The team, a brain child of Gerry Livingston who contributed much of the progress of sport in town, originally operated as an International Club. Gerry then began to look afield for his basketball players and within a couple of years he had assembled a team of highly skilled performers. The year 1952 stands out in [the] history of sport as the Livingston basketball team made the whole country stand back and take notice of Tillsonburg.
The group of players included Harry Wade, Chuck Dalton, Tommy Gibbons, Paul Thomas, Bill Coulthard, Bob Phibbs, Red Curren, Bobby Simpson, and Woody Campbell. The Livvies began their march with Windsor, and with machine-like precision overran Toronto, Sault Ste. Marie and Montreal to find themselves facing Winnipeg in the Dominion finals.

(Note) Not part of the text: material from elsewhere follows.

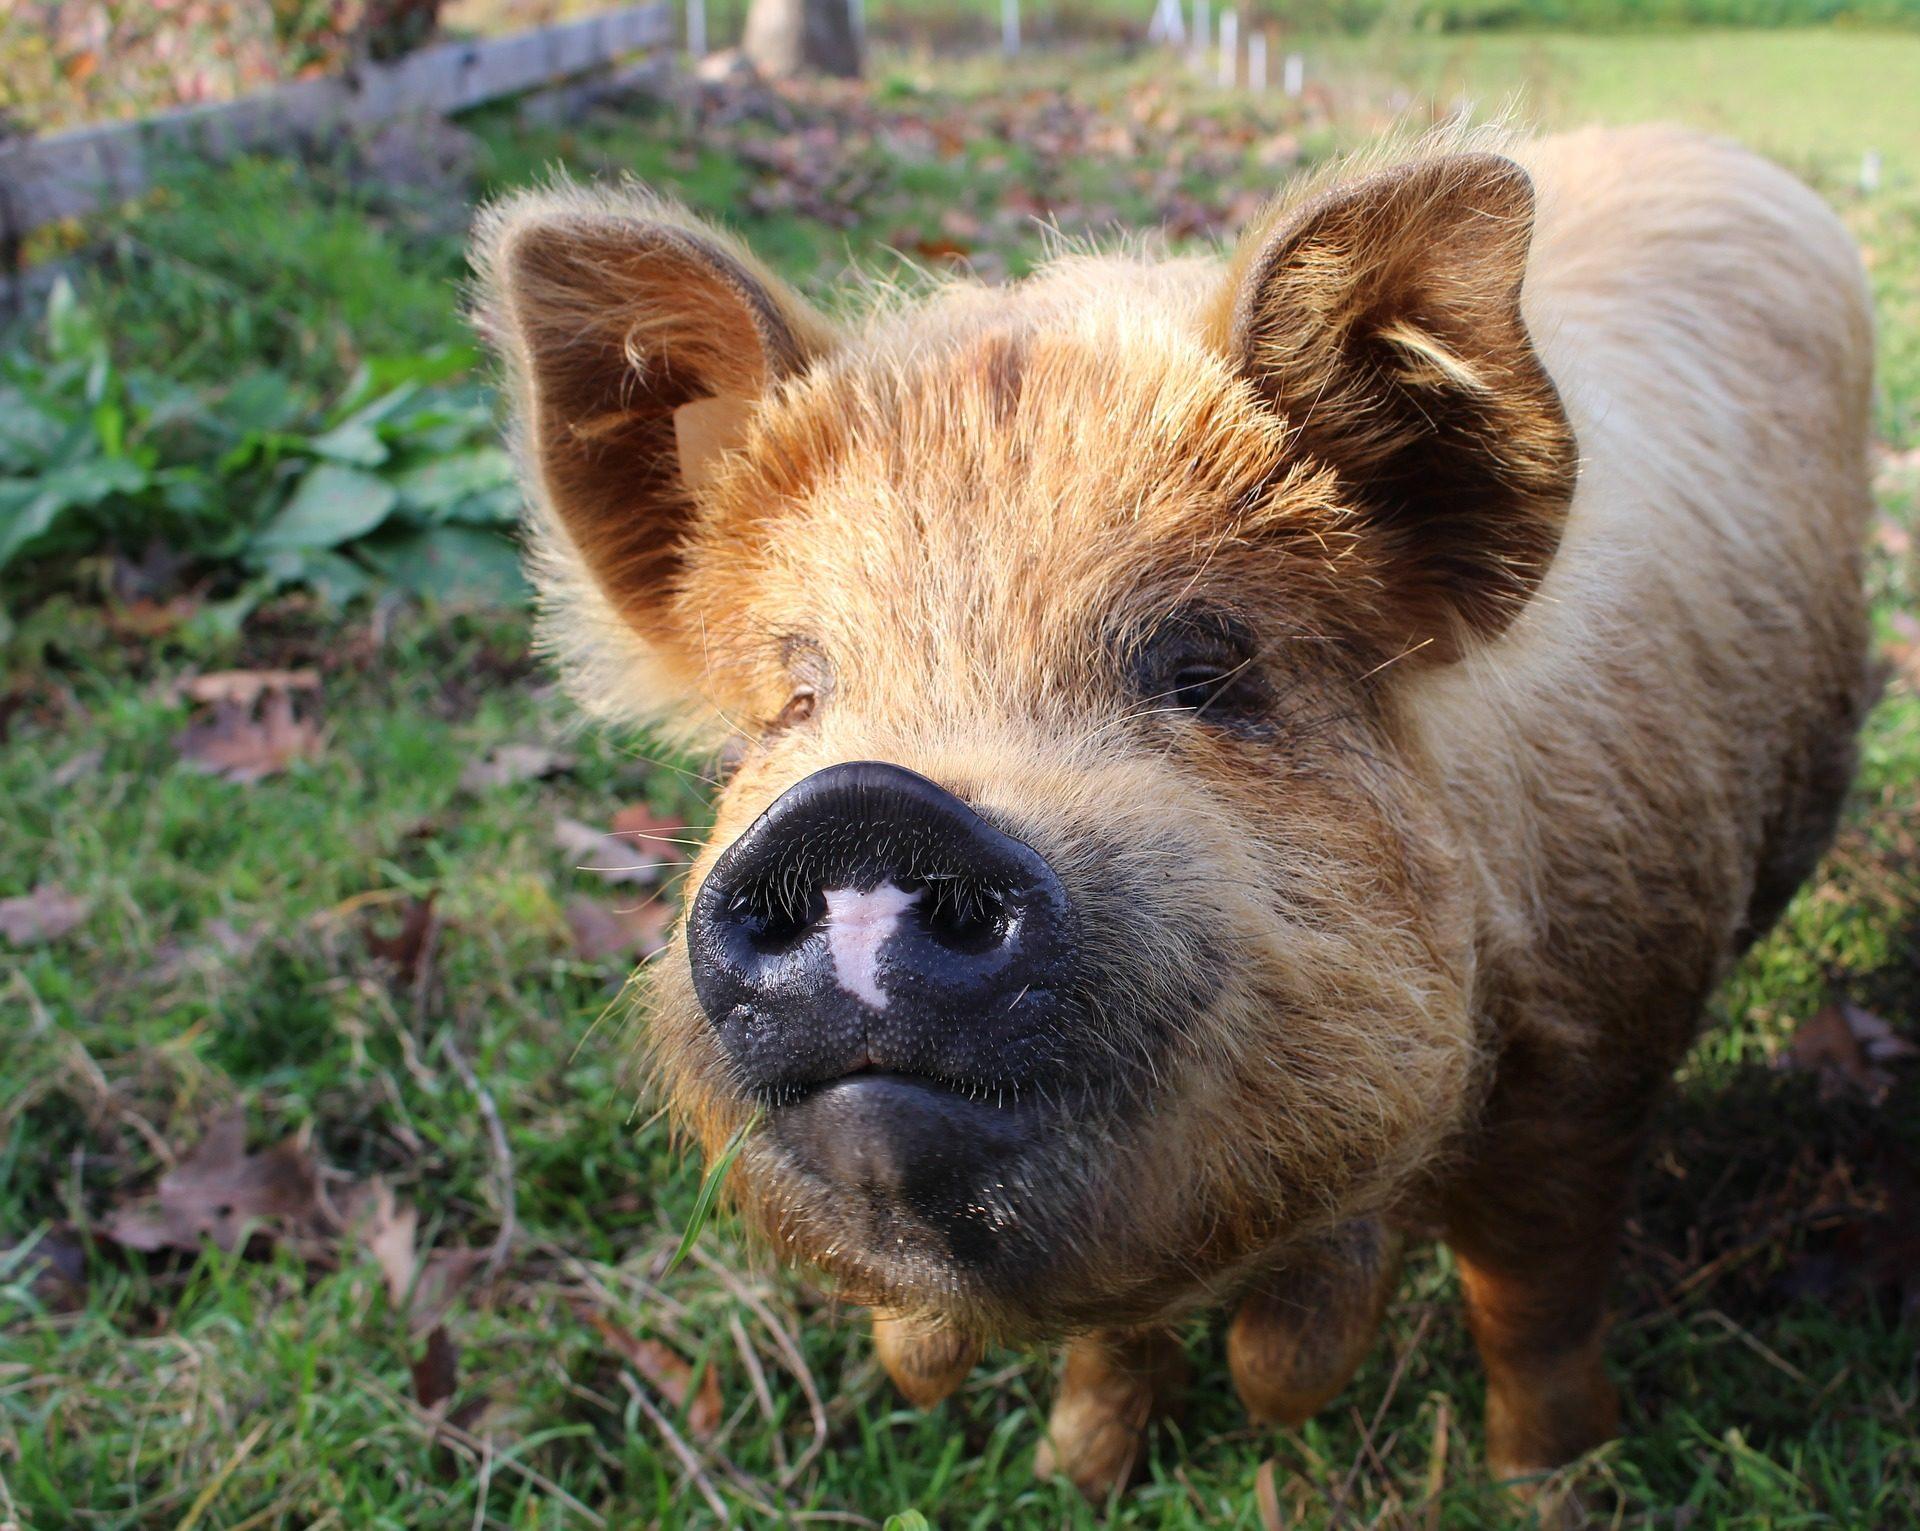 cerdo, γουρ�χοιρινό κρέας�, puerco, ρύγχος, Λόφου, τα αυτιά - Wallpapers HD - Professor-falken.com

The team had by now captured the fancies not only of the community, but of the entire province. After a thrill-packed final series in which the Tillsonburg arena was jammed, the boys came through to carry the team and the whole town to a Canadian championship. [They] then took on the Canadian college champs, University of Western Ontario, for the right to go to the Olympics. Having won the right to represent Canada in the Olympics, the Livvies journeyed to Helsinki that summer proudly displaying the Maple Leaf on their jerseys. Despite the fact that the team was eliminated in World play, Gerry Livingston and his courageous ball club lost not one iota of the respect and admiration they had captured from the people of Tillsonburg.

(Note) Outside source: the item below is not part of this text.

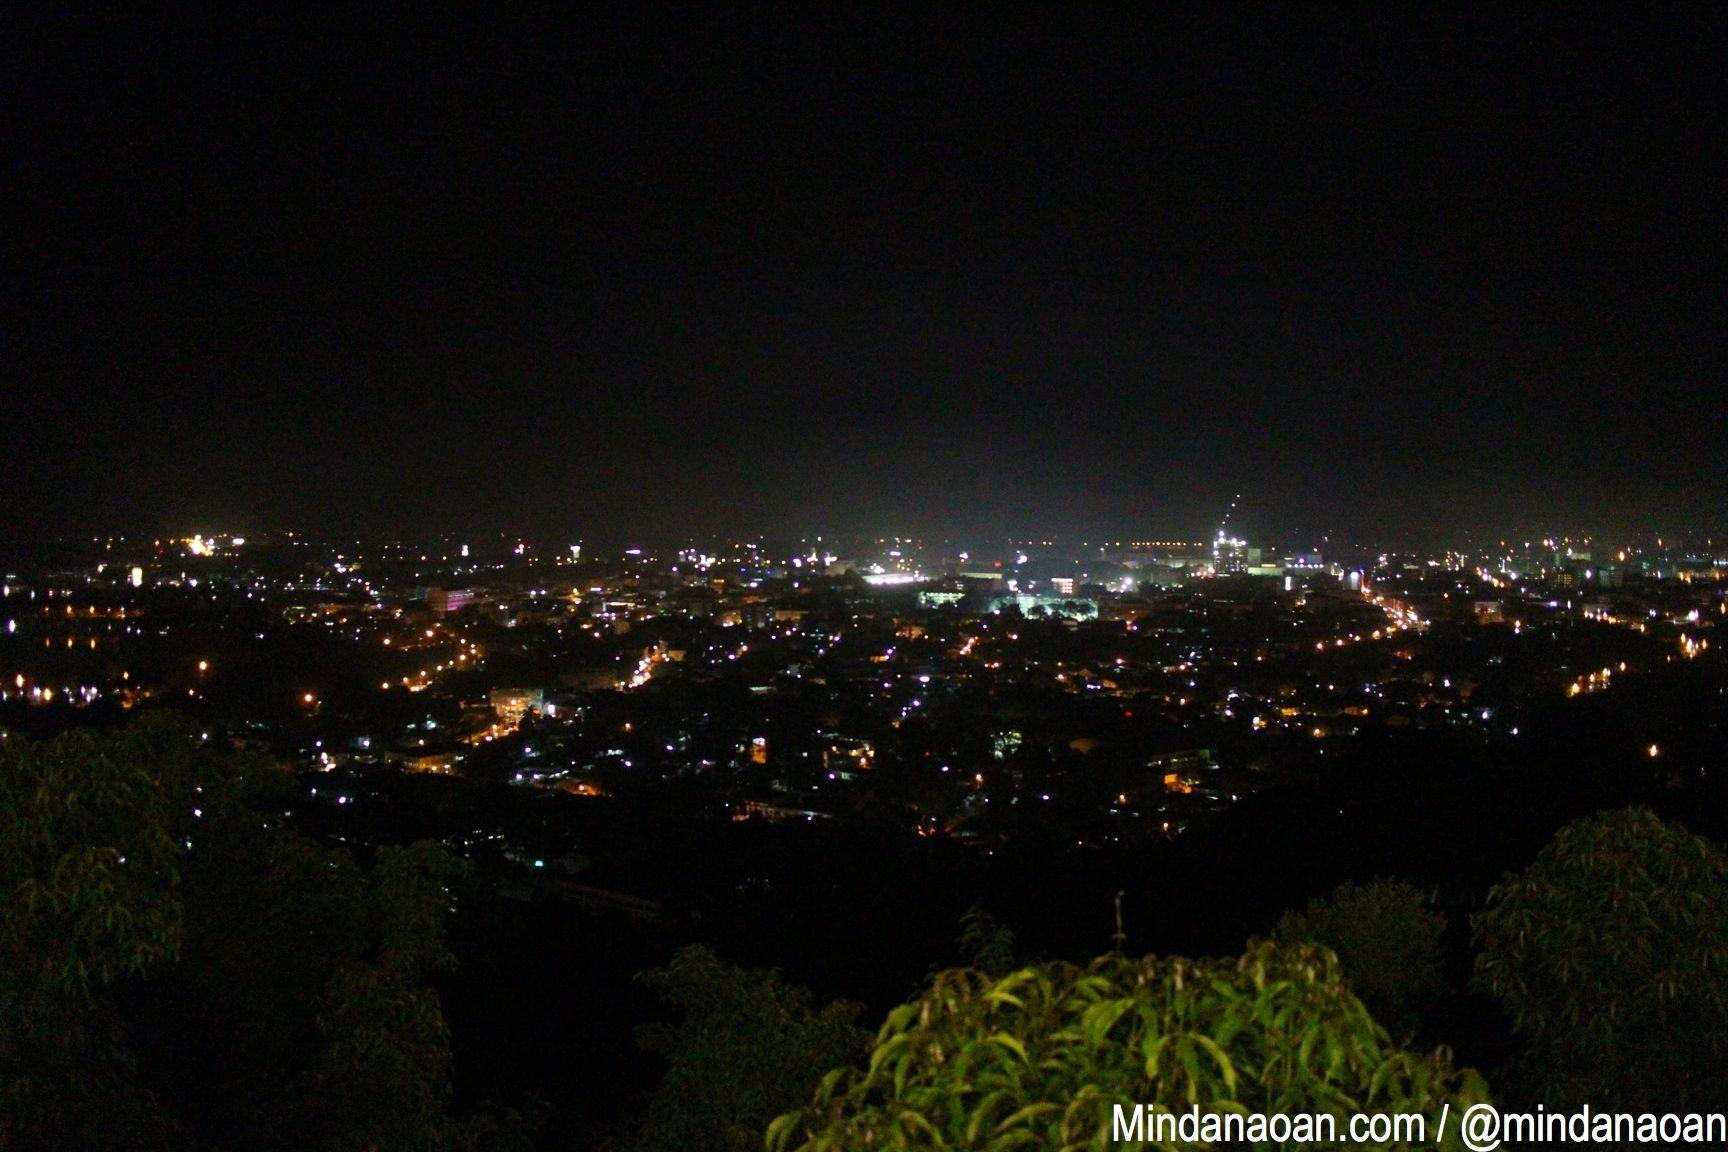 Review: High Ridge overlooking CDO Philippines

In 1960, another World Olympic year rolled around and once again Gerry Livingston took up the challenge as he began recruiting for a second run at all Canadian honors. Once again the Livvies went on a rampage and began the play downs by knocking off Toronto and Ottawa in short order, [at] the Olympic trials in Montreal. For the second time in less than a decade the Tillsonburg crew formed the nucleus to carry Canada's hopes in world play, this time to Italy. Entered in a qualifying series at Bologna, the team made it to the finals of the trial set but just failed to qualify for the Olympics proper.
Members of the Tillsonburg Livvies in 1960 who carried Canada's Olympic hopes were Barry Agar, Bob Gardner, Ray Monnott, John McKibbon, Warren Reynolds, Fred Ingaldson, Ambi Gardner and Don McRae. Elmer Ripley coached the club and Alf Shrubb was the trainer. The team was complemented by several players from other Canadian clubs."